仅读过一部武侠小说,我便勒令自己与这等书籍绝交。

这类作品在我看来,堪比含毒的精神甜果,初吃很过瘾,复吃则上瘾,多吃必中毒。

一个少年或少女,在梦想初绽的年龄,目睹自己的父亲被人谋害,之后的全部人生,便简化成了两个字:报仇。复仇,既浓缩为他们活着的唯一内容,又演化为他们活着的终极目标——这是何等的执着,又是何等的哀痛?于是乎,人生就在穷追不舍中度过,生命在打打杀杀中耗损,及至消灭仇人,陨落自己,了却一笔血债为止。

这样的生命逻辑,貌似无愧于“忠孝”二字,但其价值何在,意义何归?

冤冤相报,以眼还眼,以牙还牙,以私刑解决私仇,以血刃清算血恨,究其实质,皆为蛮荒丛林的古旧法则,与现代文明的人际理念,差之千里。

衡量文明跃升与生命进化的一个重要指标,在很大程度上,就体现于如何对待“恨”和化解“恨”上。

“恨”是人性中的毒药,自己酿制,最终也必将自己吞食。“恨”的毒性,不一定能毒死所“恨”的对象,但很容易将自己拖入万劫不复的深渊。可以肯定的是,“恨”的种子一经在心田发芽,便宛若春天的韭菜那般疯狂恣肆地生长,繁殖力超乎寻常,割掉旧的一茬又会长出新的一茬。割割不断,生生不息,枝枝蔓蔓的“恨”,足以将人的心灵紧紧地裹缠,让其动弹不得。被恨意俘虏的心灵,犹如坐拥黑牢,从此暗无天日,再也难以沐浴阳光与甘霖。

“恨”是深入骨髓的病菌,一旦附体,便成顽疾,很难疗治。“恨”的母体为“仇”,是由“仇”分娩的;但“仇”,又是由“恨”孕育的——两者既血脉相连,又互为基因,更彼此推波助澜。要解除“恨”,就要釜底抽薪,将心中淤积的仇怨的冰凌,予以逐步消解和彻底融化。地雷摘除了,爆炸的几率就降低了;心暖起来了,“恨”意也就稀释了。

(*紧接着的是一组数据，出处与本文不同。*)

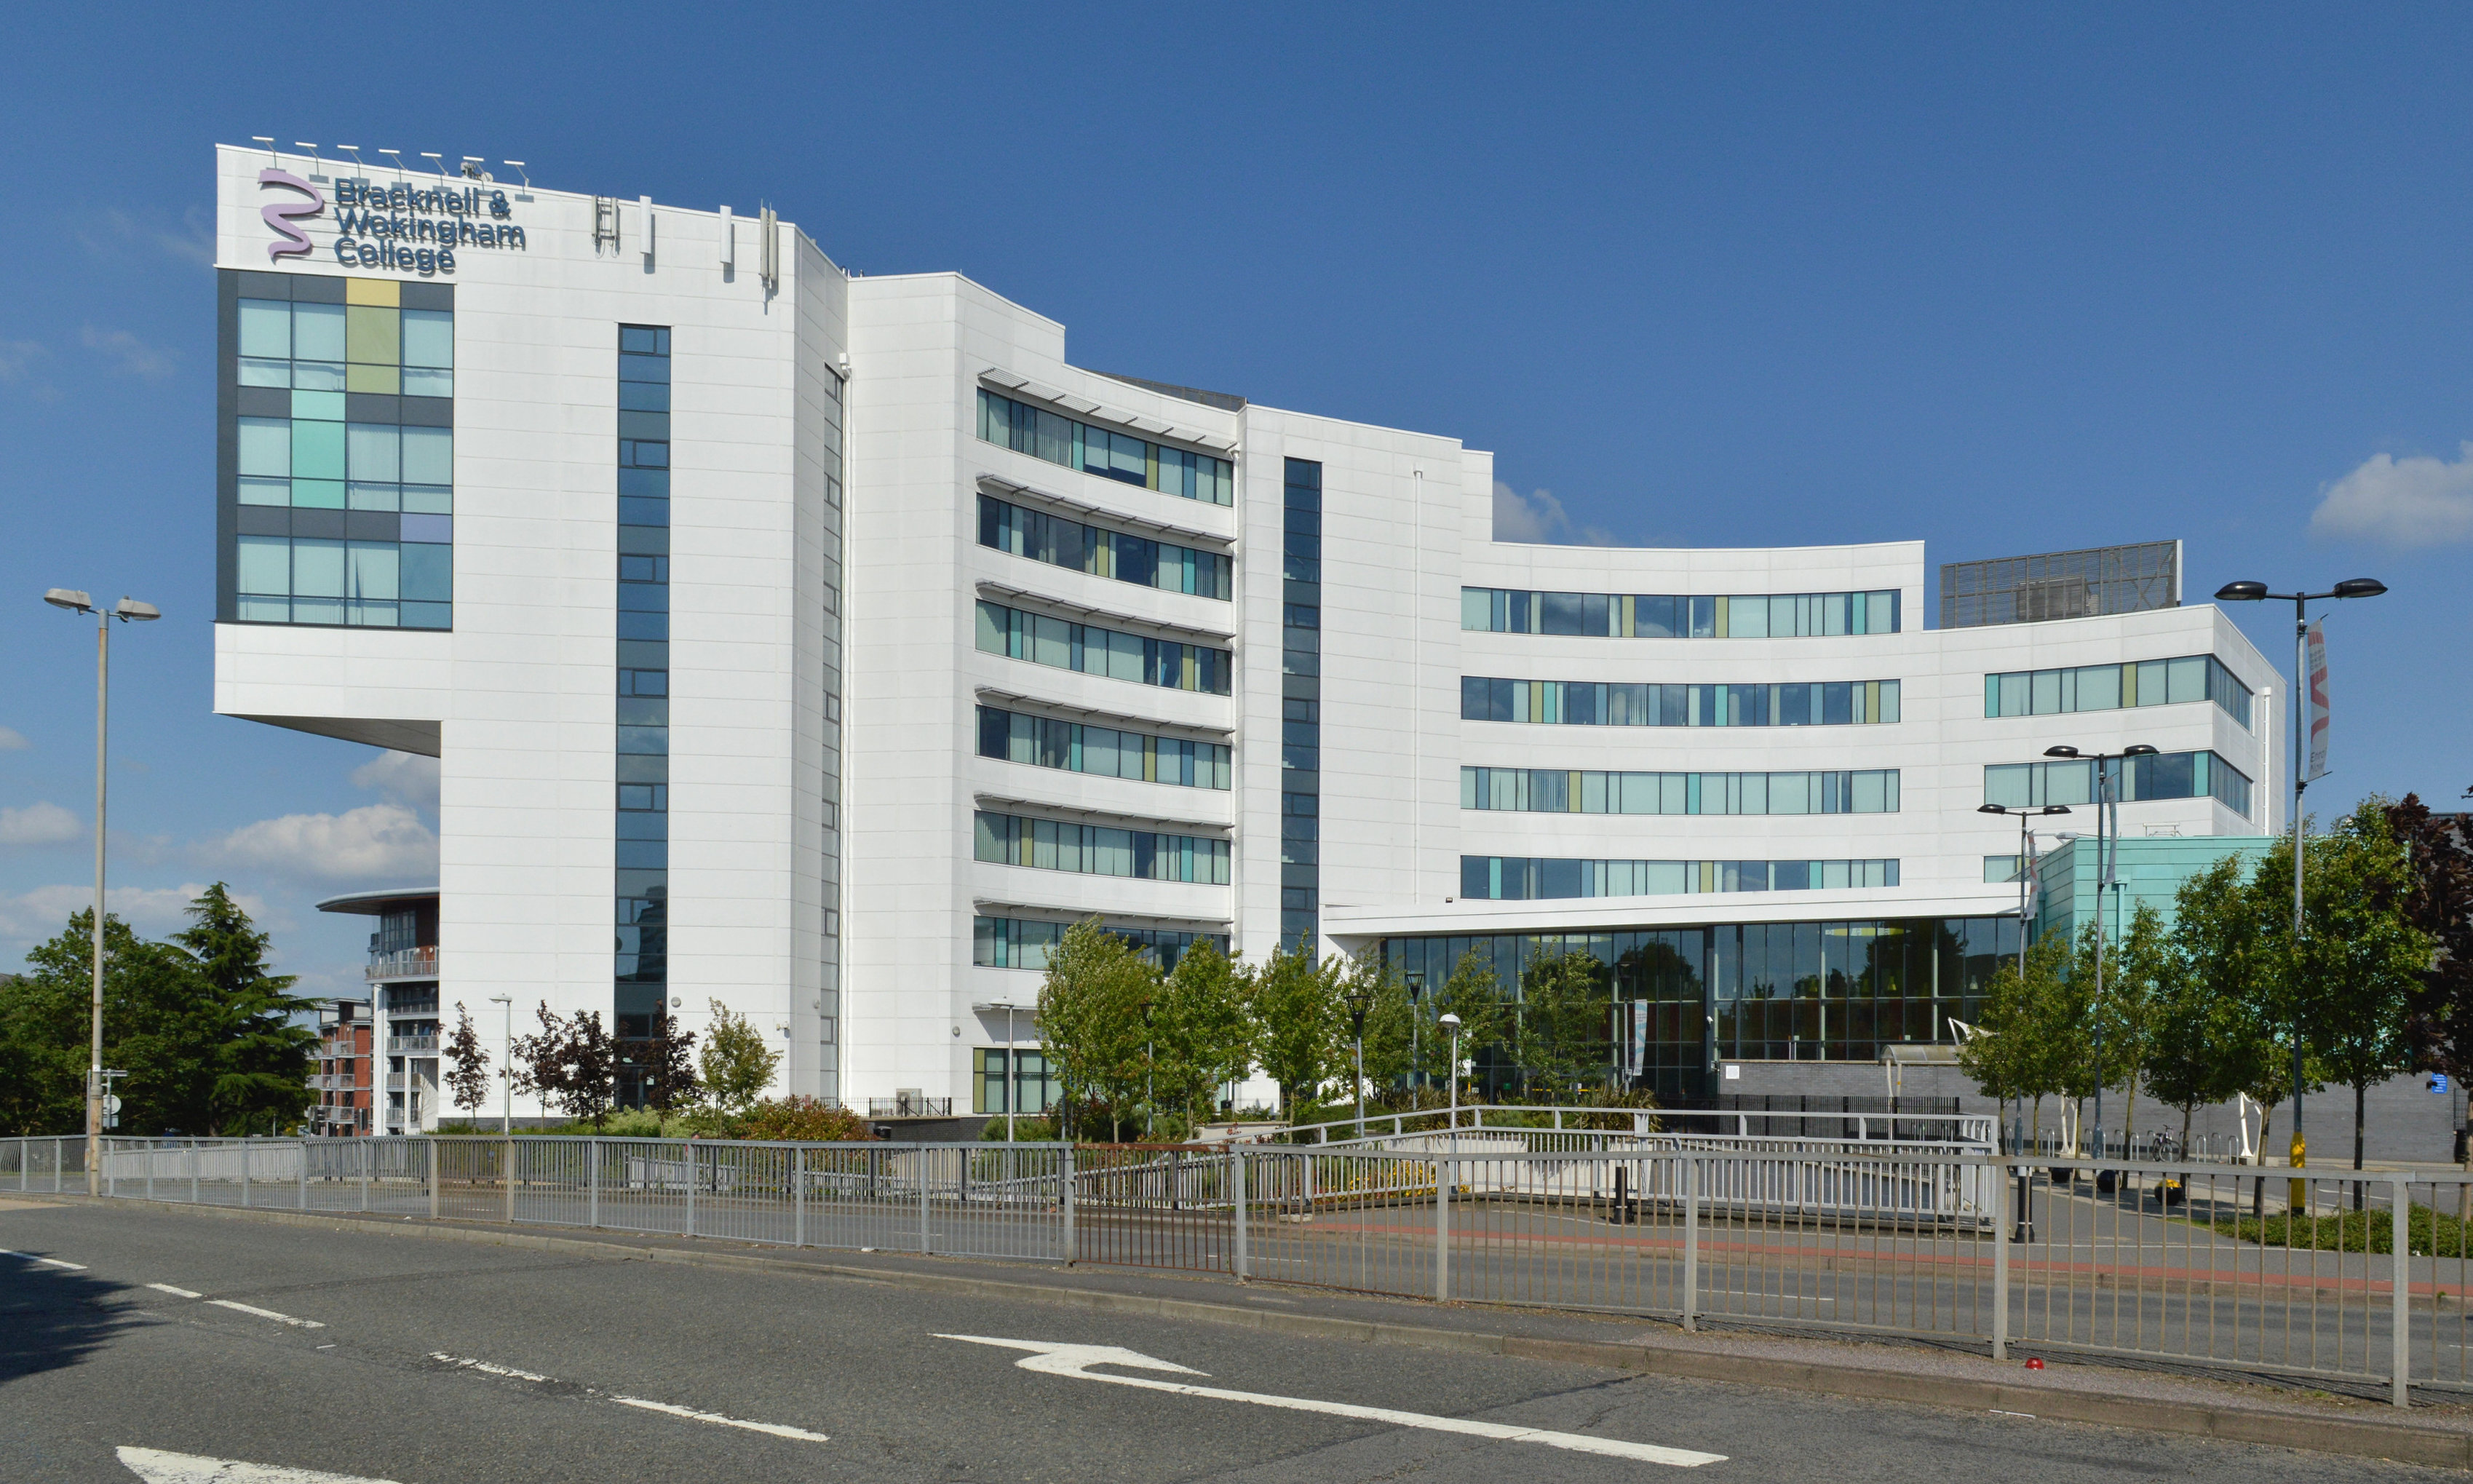 Bracknell And Wokingham College Wikipedia

相比之下,宽恕,也许是人的精神领域,最为有效的融雪剂。宽恕犹如暖阳,既能把一切霜冻化为乌有,又能把任何一个幽暗的角落彻底照亮。宽恕更形若对症下药的救心丸,能把人坠落悬崖的心灵救赎,能促使人执迷不悟的灵魂得以复苏。

被“恨”折磨,并被“恨”牵着鼻子狂奔的复仇,毫无疑问是一条自我毁灭的不归路,唯有宽恕,才能回头是岸。宽恕,貌似是在原谅仇家,其实是在原谅自己。

相较于人性中的其他美德,宽恕是所有美德中至高无上的巅峰。巅峰,是由宽厚的胸怀和伟岸的人格铺垫与托举的。宽恕散发的巨大光泽,既辉映古今,又辐射四方与四季。

《论语》中就有这样的记载——子贡问老师孔子:有没有一个字可以让人陪伴终身?孔子回答:有,那个字就是“恕”。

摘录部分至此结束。